# Long haired German Shepherds?



## morgan&thor (May 22, 2013)

Ill be bringing home my first German Shepherd in a few weeks and ive done alot of reading about them and ive seen some pictures of long haired German Shepherds. I was just curious if the parents or one of the parents have to be long haired for the puppies to turn out that way. I went to my breeder and I got to see and meet the parents, both were short haired. So can some of the puppies get the long hair or not?


----------



## onyx'girl (May 18, 2007)

Neither parent has to be a coatie to produce a coat. They carry a gene for it and the longer coat pops up now and then. 
My males litter had one coated pup, both parents were stock short coats.


----------



## Cassidy's Mom (Mar 30, 2003)

I've had three longcoats, and all of them were out of regular stock coated parents. It's a recessive gene, and both parents need to carry it for any of the pups to be coaties.
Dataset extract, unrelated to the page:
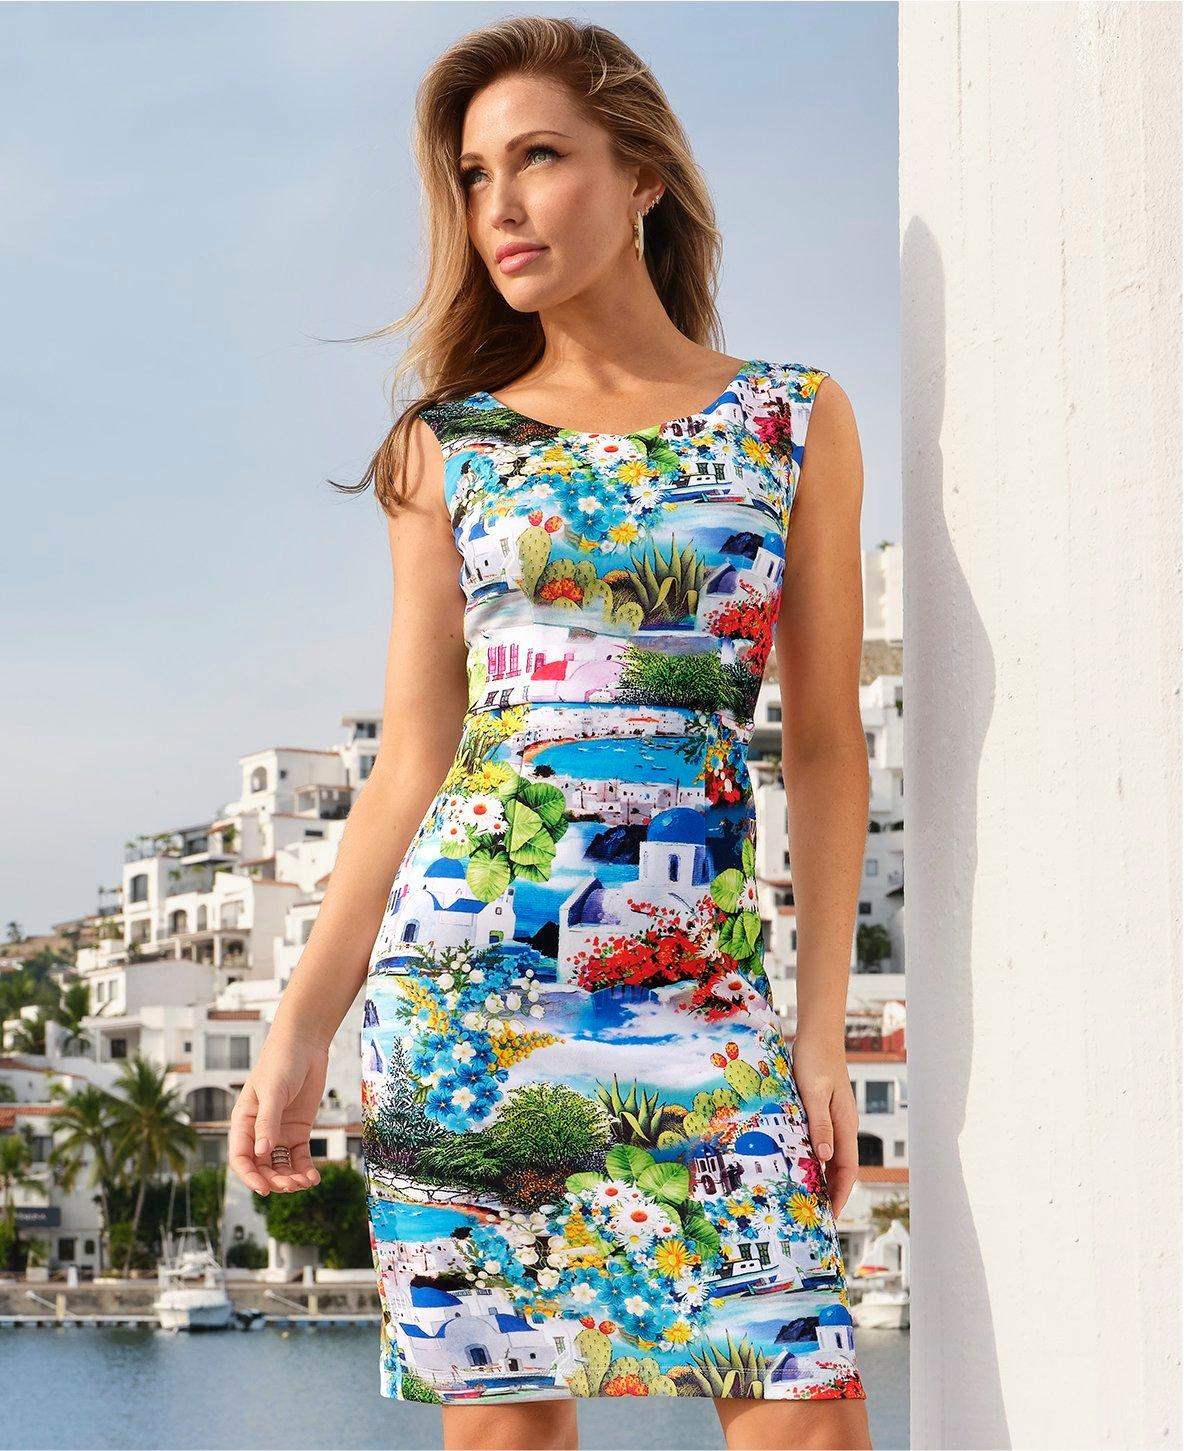 model wearing a multicolored printed sleeveless sheath dress.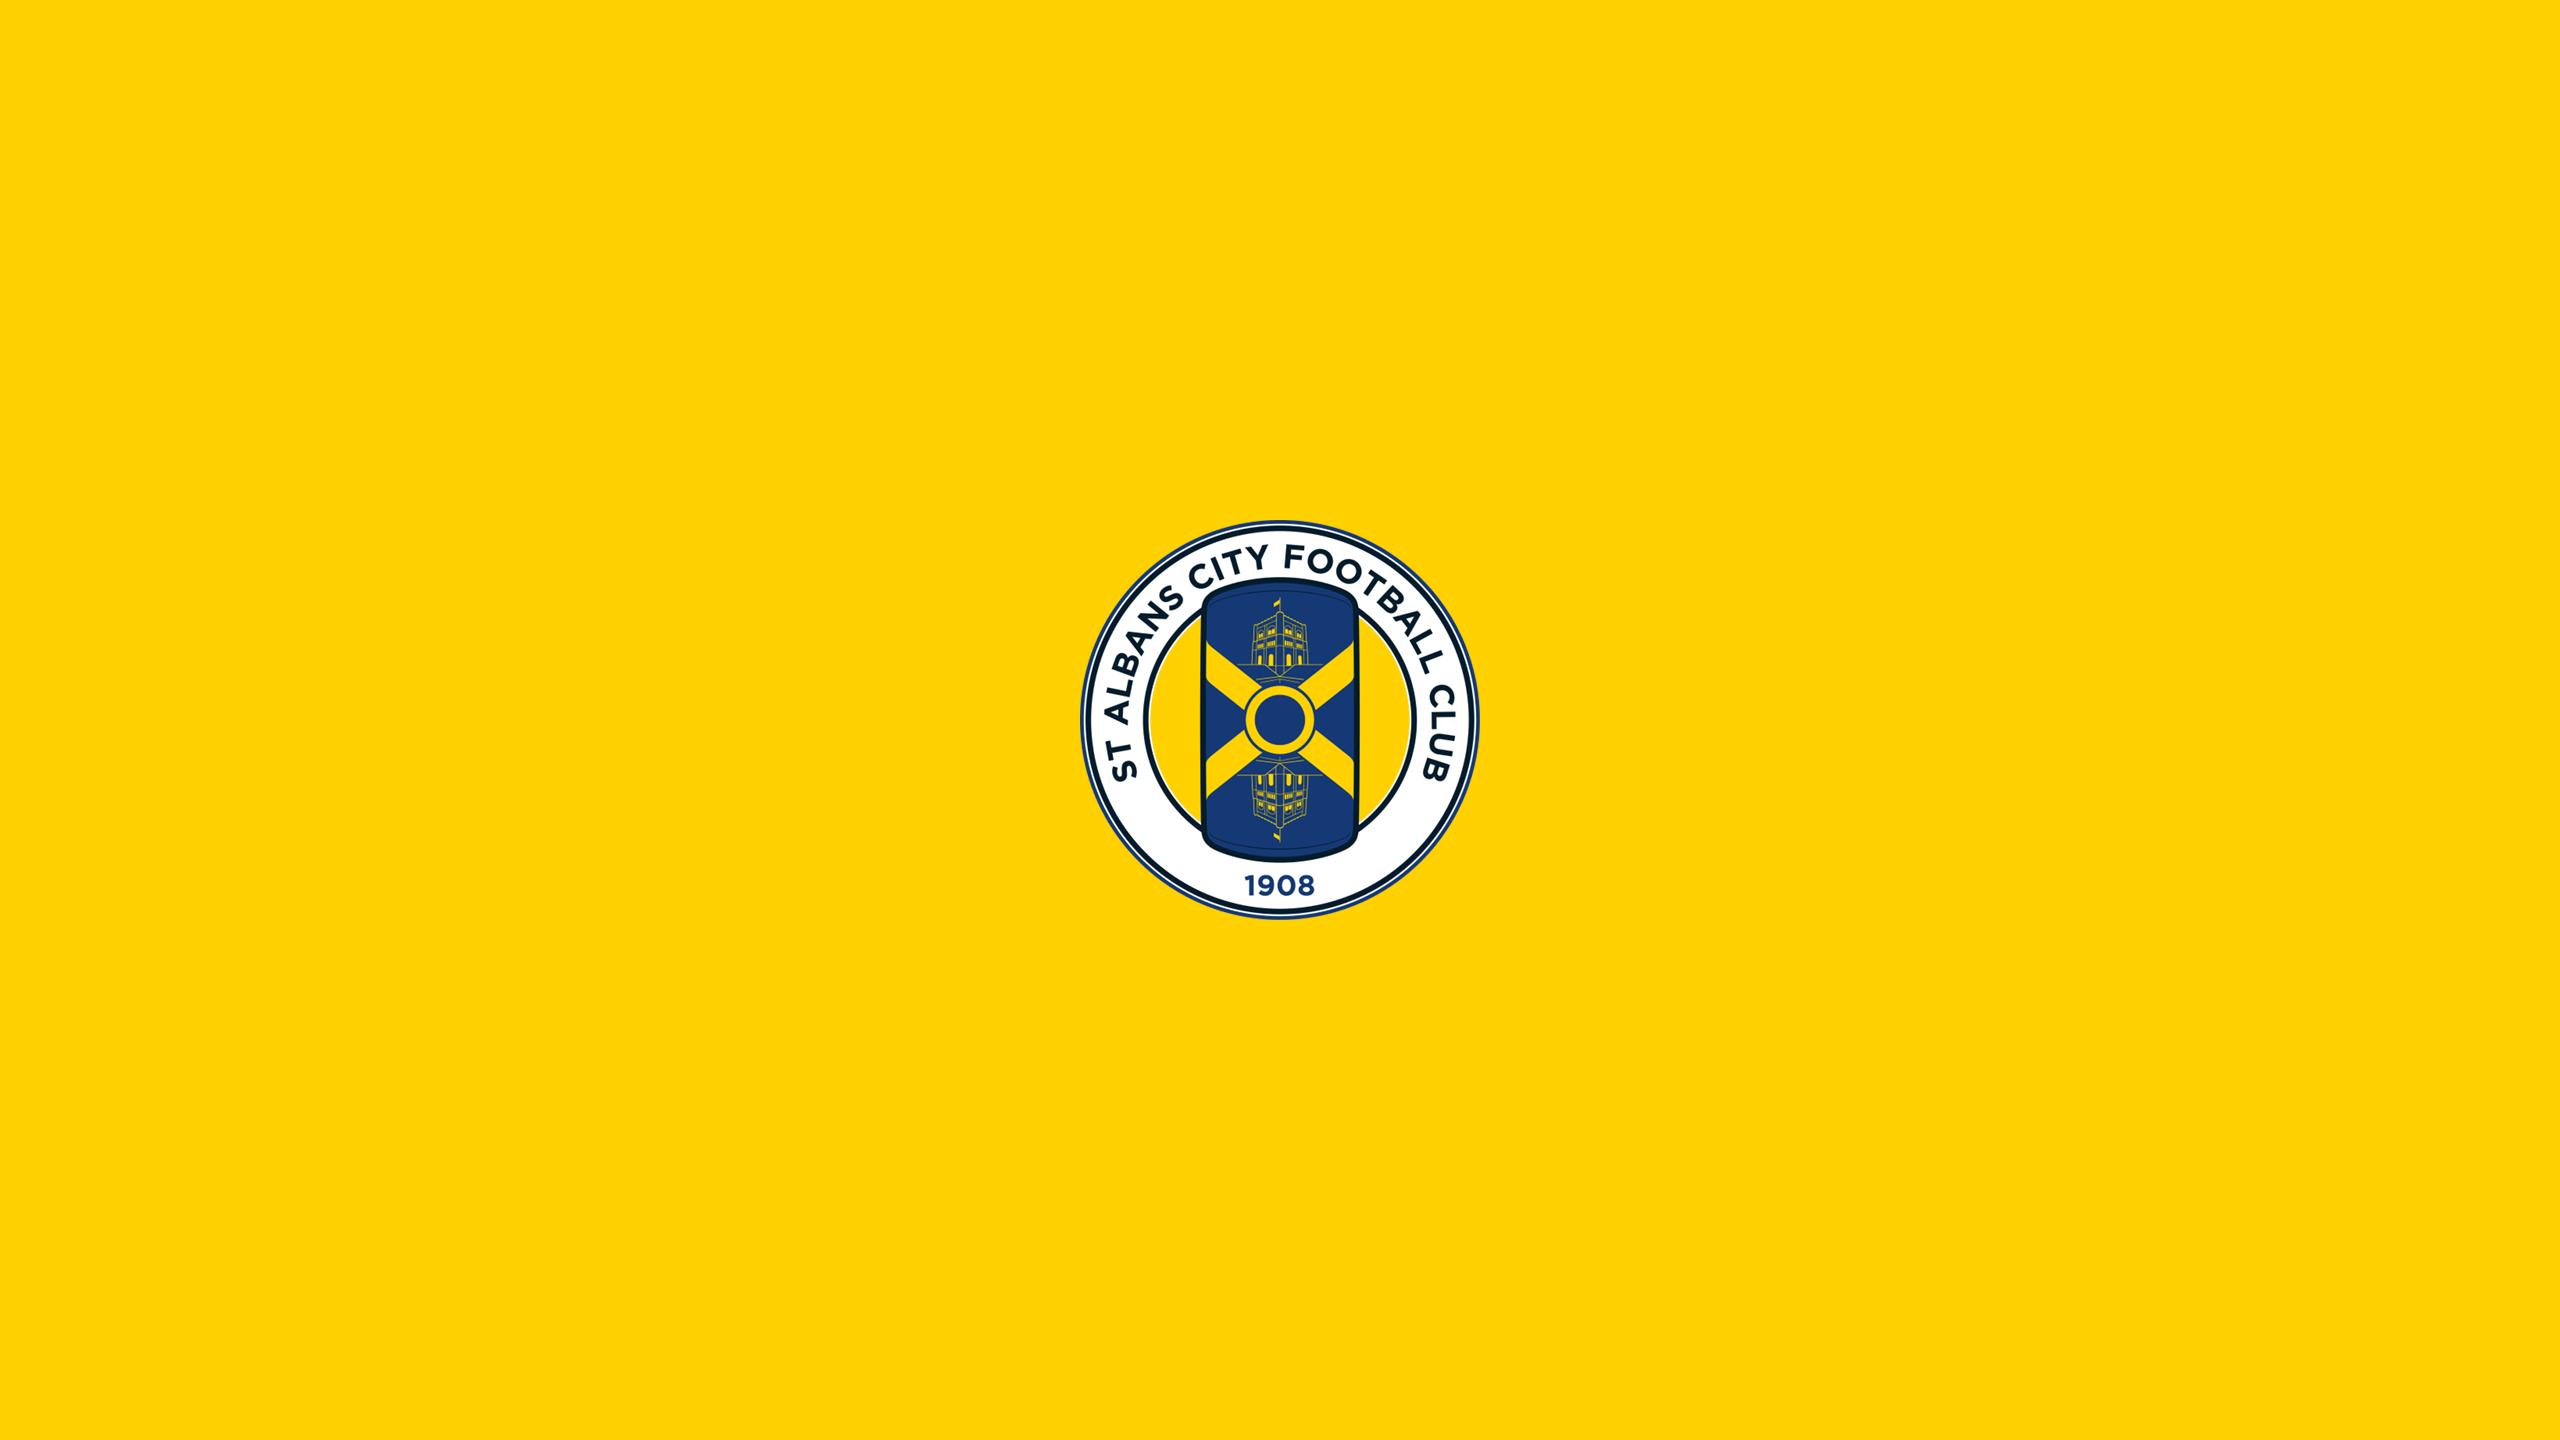 St. Albans City FC

Dena was one of 2 in her litter, Keefer I think was the only one in his, and Halo was one of 2 in her litter too, the rest of the pups were all stock coats.


----------



## Nigel (Jul 10, 2012)

Neither of Rangers parents were coaties, but he is.


----------



## arycrest (Feb 28, 2006)

I've had three longhaired WGSDs and as far as I know, none of them had parents who were longhairs (as Debbie said, the sire and dam just have to carry the longhair gene ... well in my case they had to carry the white gene too).


----------



## Fade2Black (Apr 30, 2012)

My 5 month old GSD puppy Havoc is a long-coat male. Neither of his parents Juneau/Quinella V Bullinger were long coats. In Havoc's litter 3 males were long coats. Forget how many total puppies Tracy said there were in the litter. I never had a long coat GSD. This is my 1st..... 

(edit) Tracy had said there are varying lengths of long coat shepherds. The pic with the stick is almost age 5 months. Most of Havoc's long coat looks to be around his head-ears....

** photos removed by ADMIN. Photos may be no larger than 800X600**


----------



## MichaelE (Dec 15, 2012)

Lisl's parents were both coaties. She is my first long coat GSD. Had I known about them years ago I would have had one sooner.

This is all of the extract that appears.